FDA Approves New Kind of Sleeping Pill

Rozerem First Drug to Target Brain's Sleep Center

From the WebMD Archives

July 22, 2005 -- Rozerem, the first of a new kind of sleeping pill, has been approved by the FDA.

Before this approval, many sleeping pills had potential narcotic-like effects. True, new nonbenzodiazepine sleeping pills -- such as Ambien, Lunesta, and Sonata -- have greatly reduced abuse potential. But they still have a sedating effect throughout the brain. And like earlier sleep drugs, they are controlled substances under federal law.

Rozerem (8-milligram tablets) is the first and only noncontrolled prescription medication for use of insomnia in adults. It is prescribed for insomnia characterized by difficulty with sleep onset.

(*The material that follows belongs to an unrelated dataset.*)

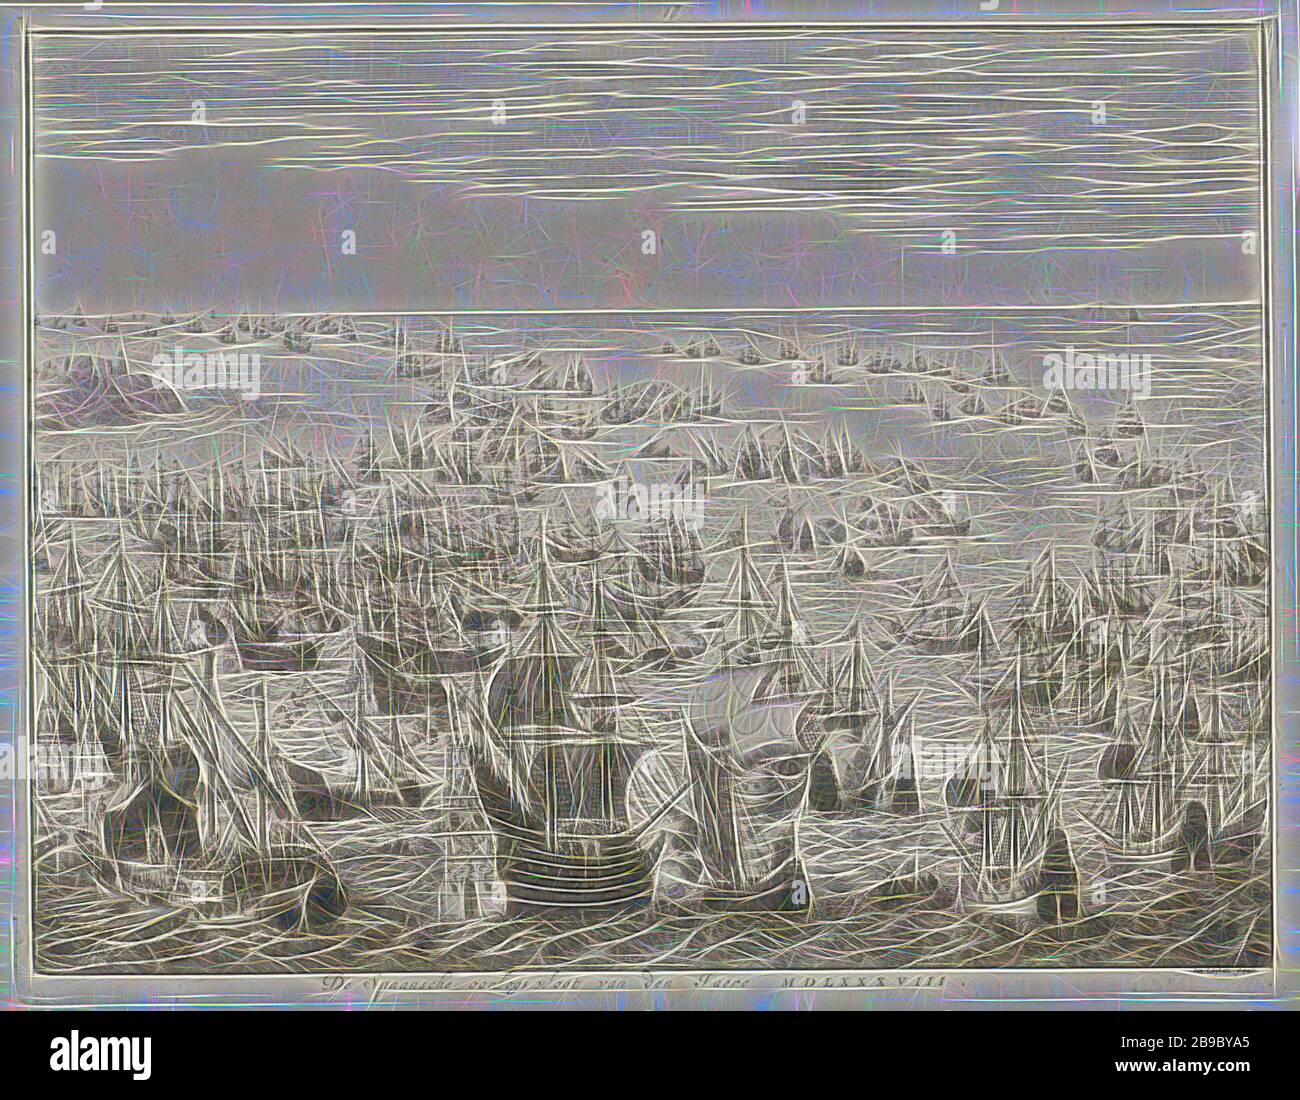 Chute de l'Armada espagnole, 1588 la flotte de guerre espagnole de la Jere MDLXXXVIII (titre sur objet), chute de l'Armada espagnole ou de la flotte invincible, entre le 31 juillet et le 12 août 1588. Bataille entre les flottes espagnole et combinée anglaise et néerlandaise dans la Manche. Au premier plan, une grande frégate espagnole est prise par un petit navire néerlandais avec la bannière de la ville de Leiden, à gauche une galley, bataille (force navale), Manche, Jan Luyken (mentionné sur l'objet), Amsterdam, 1679 - 1684, papier, gravure, h 272 mm × l 351 mm, repensé par Gibon, design de brillant gai chaud Banque D'Images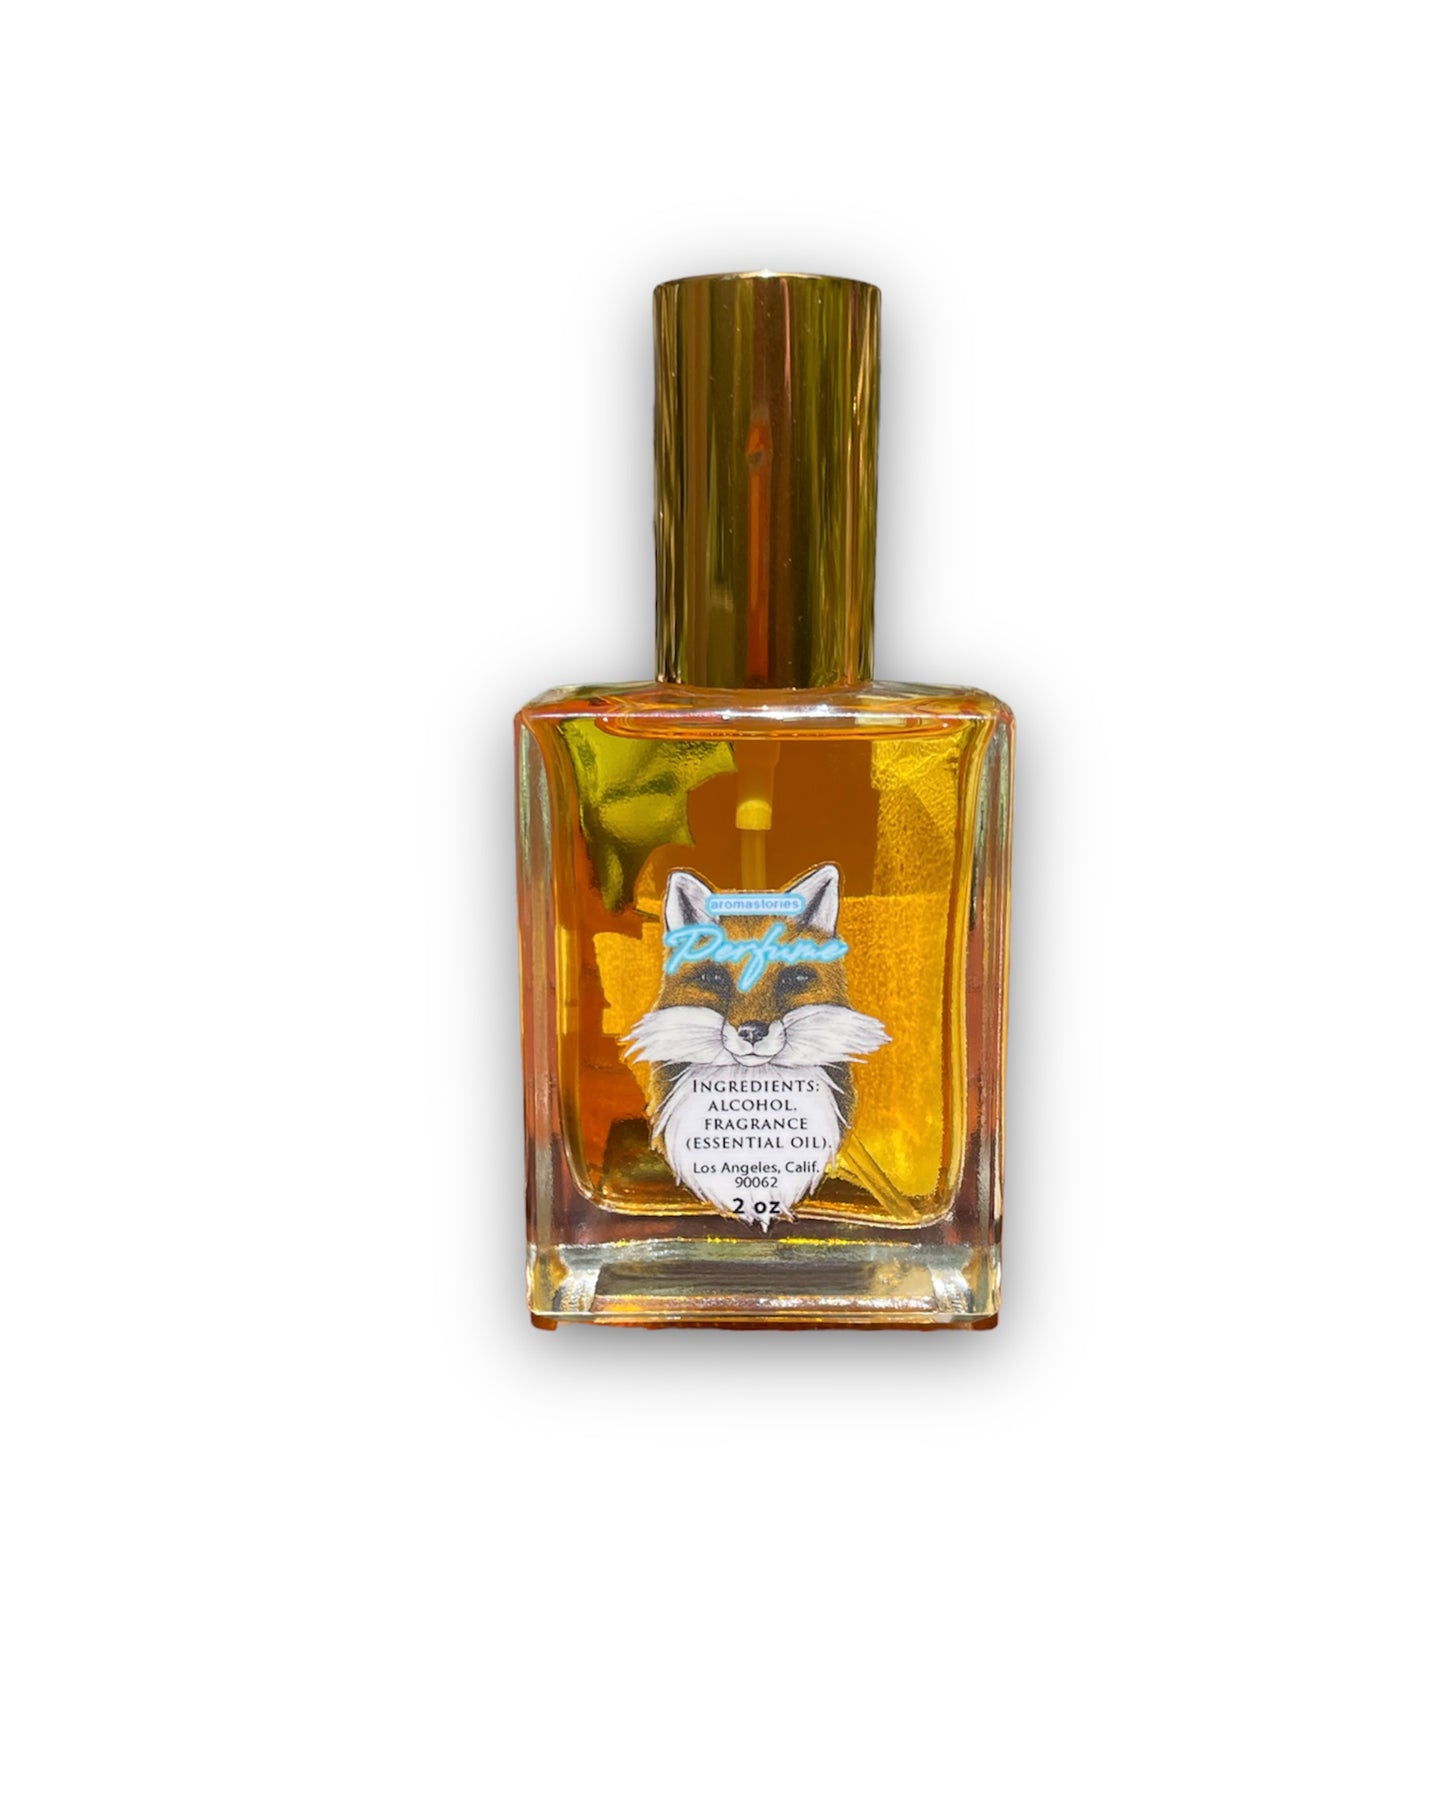 Aromastories Perfume

Rozerem can be prescribed for long-term use. The medication has shown no evidence of abuse and dependence, according to a news release by Takeda Pharmaceuticals North America, the drug's maker.

Rozerem is different from other sleep drugs. It targets specific switches in the part of the brain that regulate sleep, a group of brain cells located in an area of the brain called the SCN. By flipping these switches -- called melatonin receptors -- Rozerem takes the brakes off the body's natural sleep drive.

Body Boot-Down

Here's how it's thought to work. The body has a sleep drive as well as a waking drive. As the day wears on, the sleep drive builds up. But it doesn't make you fall asleep in the daytime, because that's when the waking drive is stronger. Later in the evening, the waking drive winds down while the sleep drive continues to build up. By bedtime, the sleep drive is stronger -- and you're ready for normal sleep.

If you've got insomnia, the sleep and waking drives get out of balance. Most sleeping pills work by enhancing the sleep drive. Rozerem seems to work by relaxing the waking drive, says psychiatrist Louis J. Mini, MD, Takeda North America's medical director for neuroscience.

"In people who sleep normally, the pineal gland in the brain responds to darkness by producing a hormone called melatonin," Mini says. "This natural melatonin ... dampens the alerting signal so the sleep load overrides [the waking drive] and allows a person to fall asleep."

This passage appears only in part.